| Subject: Gusmao may snub
Howard The Australian 27 Nov 99
Gusmao may snub PM
By SIAN POWELL in Aileu, East Timor
EAST Timorese independence leader Xanana Gusmao indicated
yesterday that he might not meet John Howard when the Prime Minister makes his first visit
to the territory tomorrow.
While acknowledging his gratitude for Australia's financial
commitment to East Timor, Mr Gusmao said his first priority was to travel to Jakarta for
negotiations on the speedy return of the remaining thousands of East Timorese refugees in
West Timor.
"I have already expressed my gratitude in Canberra to
the Government.

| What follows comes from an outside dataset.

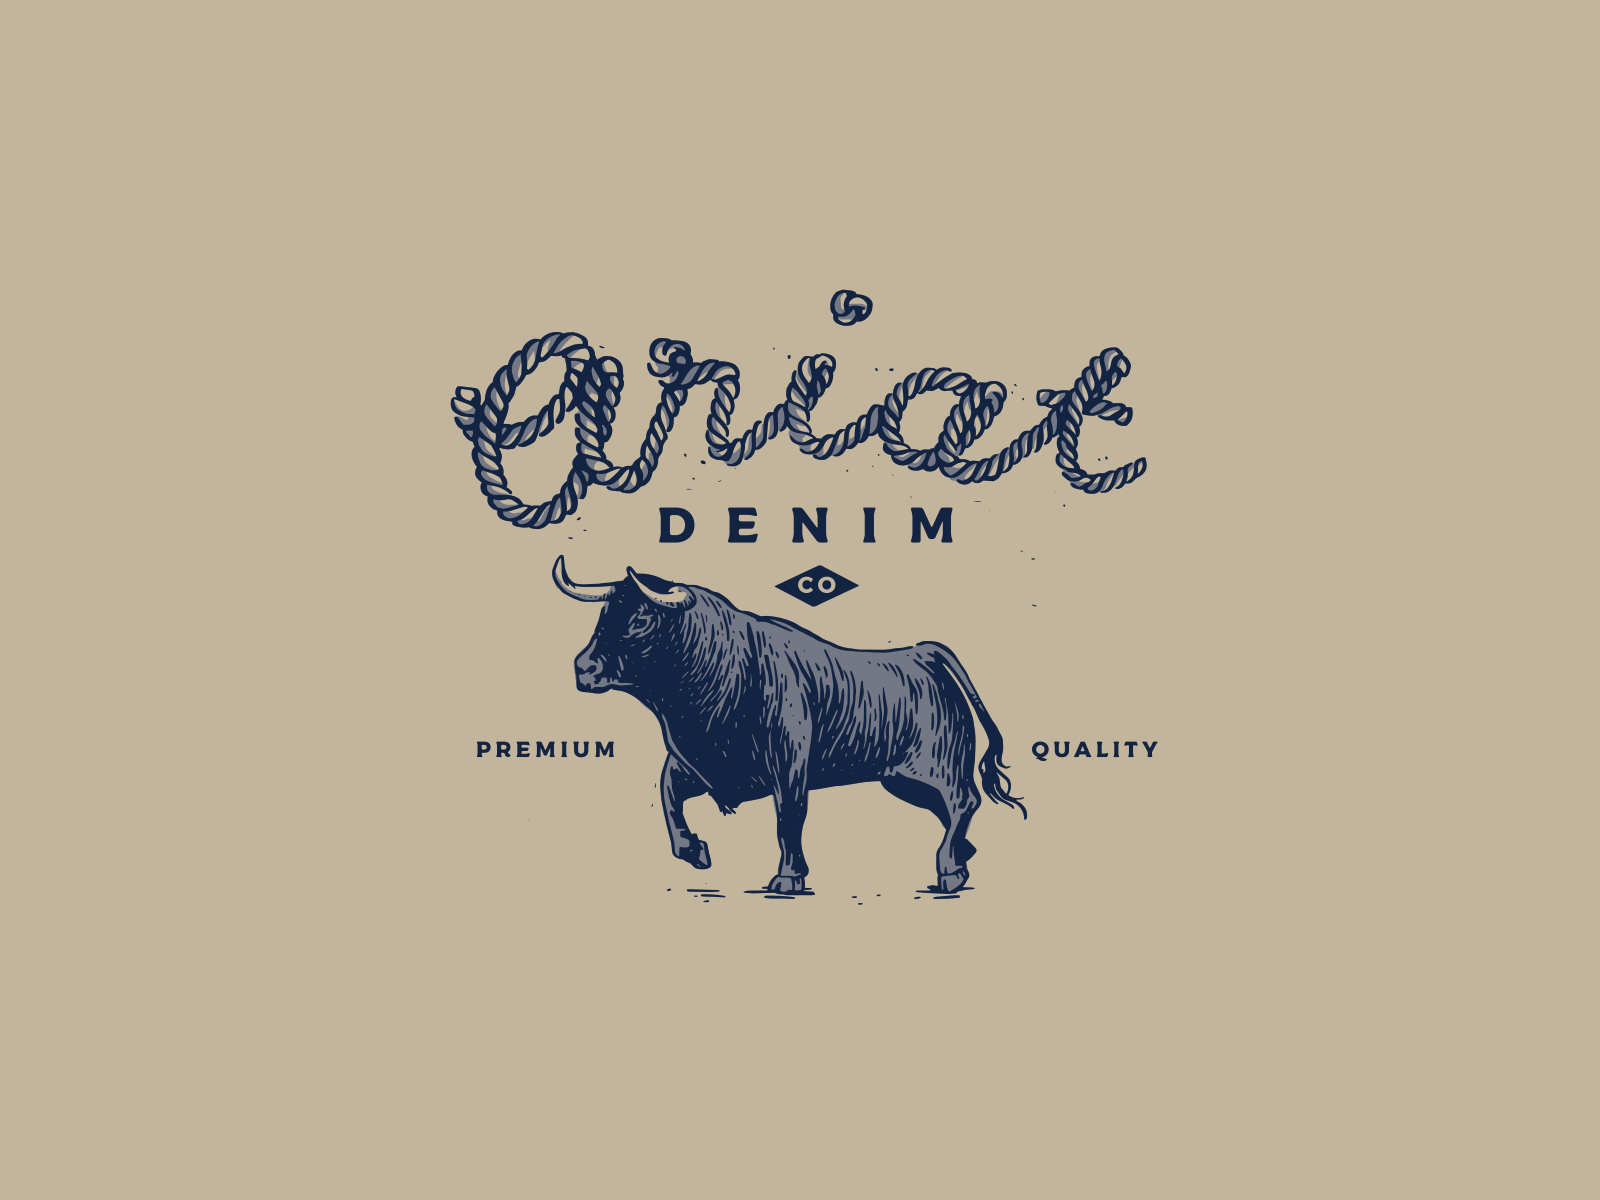 Ariat Rope And Bull By Adam Johnson On Dribbble

Of course we need help, but if the situation is improving, we need other
help (besides the massive security presence of Interfet)," he said.
Mr Gusmao also urged Interfet to wind down the size of its
garrison in Dili and remove the armoured personnel carriers, the sandbagged emplacements
and the razor-wire defences that dominate the city.
"(Interfet chief) General Cosgrove told me days ago
and told (UN chief administrator) Sergio de Mello that they will initiate to move (some of
the defence presence) outside the city, and I believe the general himself is already aware
of the situation," he said. "Moving will give the city a new image."
After a rocky start relations with Interfet had improved,
he said.
"We always respect each other and try to co-ordinate
movements," he said. "We have not so many problems between Falintil and
Interfet."
Yet, he said, the perceptions of Falintil and Interfet
differed as to what was needed, because Interfet consisted of regular army troops and
Falintil was a guerilla army.
Mr Gusmao said he was astonished by the size of Australia's
financial commitment to East Timor. "It's so much money, so much money," he
said.
"What we need for our population is $25 to $30 million
to buy the necessary things for our people, and we will solve the emergency."
Sitting on the verandah of his home in the Falintil
cantonment of Aileu, Mr Gusmao said he did not want East Timor to be a burden to the
international community.
"It's a very, very expensive operation," he said.
"I think that if the Prime Minister sees the situation, how security is now, the
parliament can decide to diminish the expense."
Falintil fighters, he said, could be used at the border to
allow for the reduction of the Interfet security presence.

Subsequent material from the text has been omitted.